The invention relates to electrical engineering and can be used to power critical consumers, for example, automation devices and computer equipment.

Known stabilized redundant power supply containing an alternating voltage source, a network rectifier with a filter, a first controlled inverter, the first and second inputs of which are connected to the outputs of a rectifier with a filter, a voltage sensor, the inputs of which are connected to an alternating voltage source and with the outputs of the network rectifier with a filter; a comparator, to the first input of which the output of the voltage sensor is connected, and to the second - the voltage of the set value, a trigger, the information input of which is connected to the output of the comparator, the first element And, to the first input of which a single output of the trigger is connected, the control circuit, the first input of which connected to a reference voltage source, a master oscillator whose output is connected to the clock input of the trigger and to the second input of the control circuit, a rechargeable battery, a second controlled inverter, the first and second inputs to otorogo connected to the battery, the second element And, to the first input of which is connected the zero output of the trigger, the third input of the first controlled inverter is connected to the output of the first element And, the second input of which is connected to the output of the control circuit and to the second input of the second element And, the output which is connected to the third input of the second controlled inverter, the output transformer, the first primary winding of which is connected to the outputs of the first controlled inverter, and the second primary winding is connected to the outputs of the second of the inverter inverter, output rectifiers, each of which is connected to the corresponding secondary winding of the output transformer, output buses that are connected to the outputs of the corresponding output rectifiers, the output of the last output

The rectifier is connected to the third input of the control circuit.
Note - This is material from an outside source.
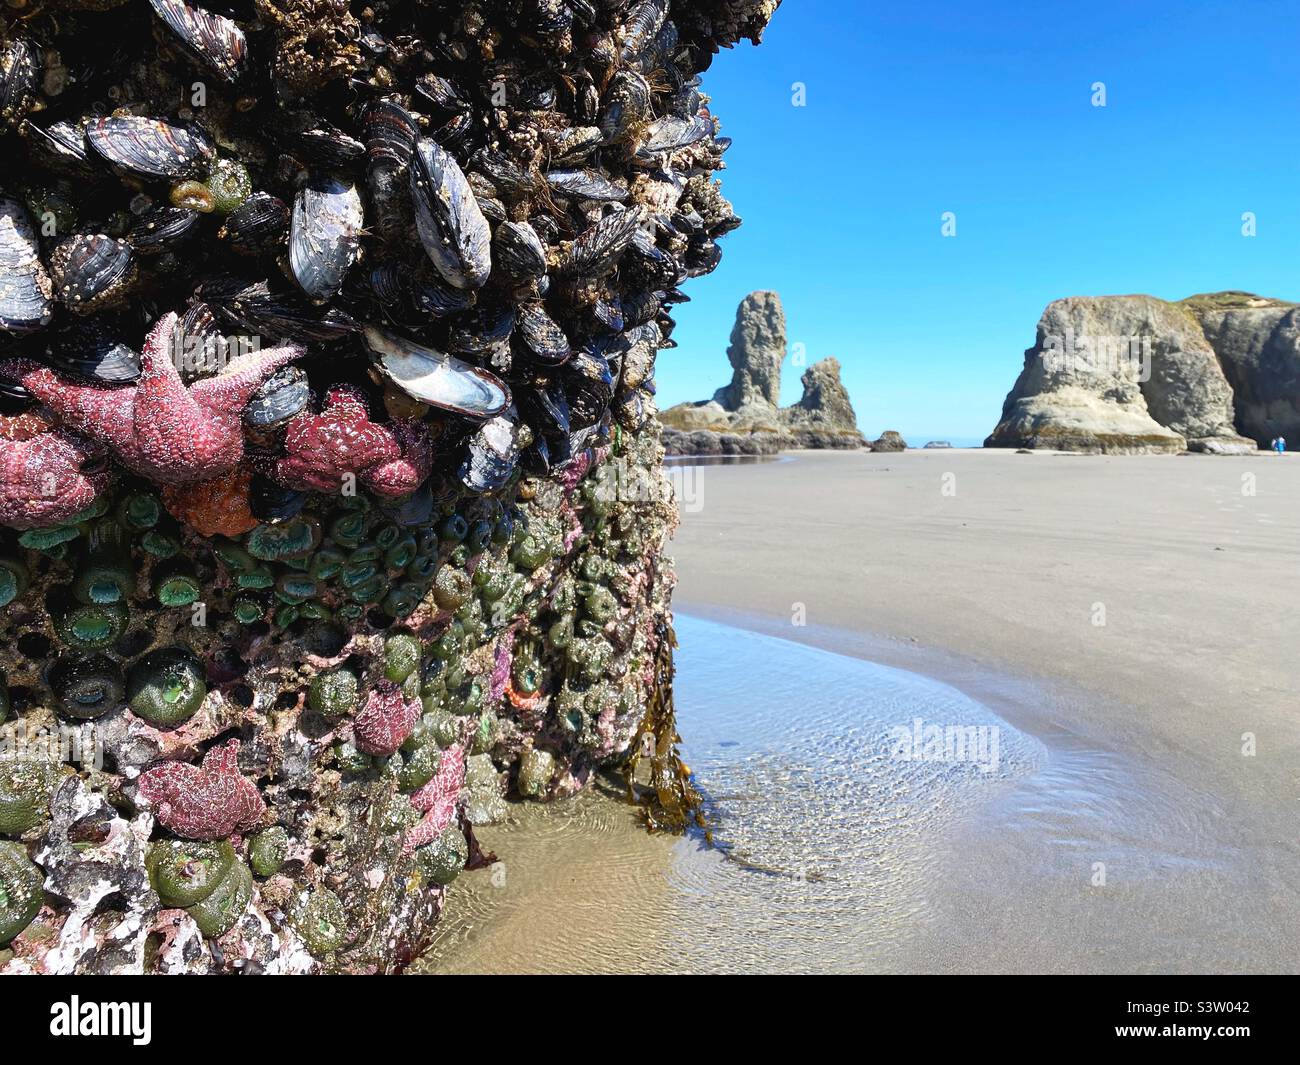 Seesterne, Muscheln und Anemone Klammern sich bei Ebbe am Face Rock Beach in Bandon, Oregon, USA, an einem Meeresgestein. Stockfoto

A device for automatically turning on the reserve, containing the main

and redundant power supplies, a first voltage relay that is connected to the first and second phases of the main power supply, a second voltage relay that is connected to the second and third phases of the main power supply, a main power supply contactor, a health monitoring relay of the main power supply contactor power supply, the second outputs of the windings of which are connected

with the second phase of the main power supply, a backup power supply contactor, an intermediate relay, the second terminals of which are connected to the first phase of the backup power supply, a fixed terminal of the second voltage relay contact is connected to the first terminals of the main power supply contactor and the health monitoring relay of the main power contactor power supply, fixed terminals of the relay contact monitoring the health of the contactor turning on the main power source and the contact block of the contactor VK a backup power source so me interconnected

and with the closing contact terminal of the second voltage relay, the closing contact terminal of the relay of the monitoring of the health of the main contactor of switching on the main power supply and the opening terminal

the contact block contacts of the backup power supply contactor are interconnected with the first phase of the main power supply, the closing terminals of the first, second and third contacts of the power supply contactor of the main power supply are connected respectively to the first, second and third phases of the main power supply, the first output of the backup power contactor the power source is connected to the NC terminal of the intermediate relay contact, the fixed terminal of which is connected to the NC terminal of the contact block an actor for switching on the main power source;

the first output of the intermediate relay is connected to the normally open contact of the relay for monitoring the health of the main power supply contactor, the fixed output of which is connected to the closing output of the second voltage relay, the fixed output of which is connected to the closing output of the contact of the first voltage relay, the fixed output of which is connected to the fixed contact of the contact block of the contactor for switching on the main power source and with the second phase of the backup power source, the first, second and third phases which are connected to the terminals of the first, second and third contacts of the backup power supply switching contactor, respectively, the fixed terminals of which are connected to the stationary terminals of the first, second and third contacts of the main power supply switching contactor, and the first, second, and third, respectively, guaranteed power buses .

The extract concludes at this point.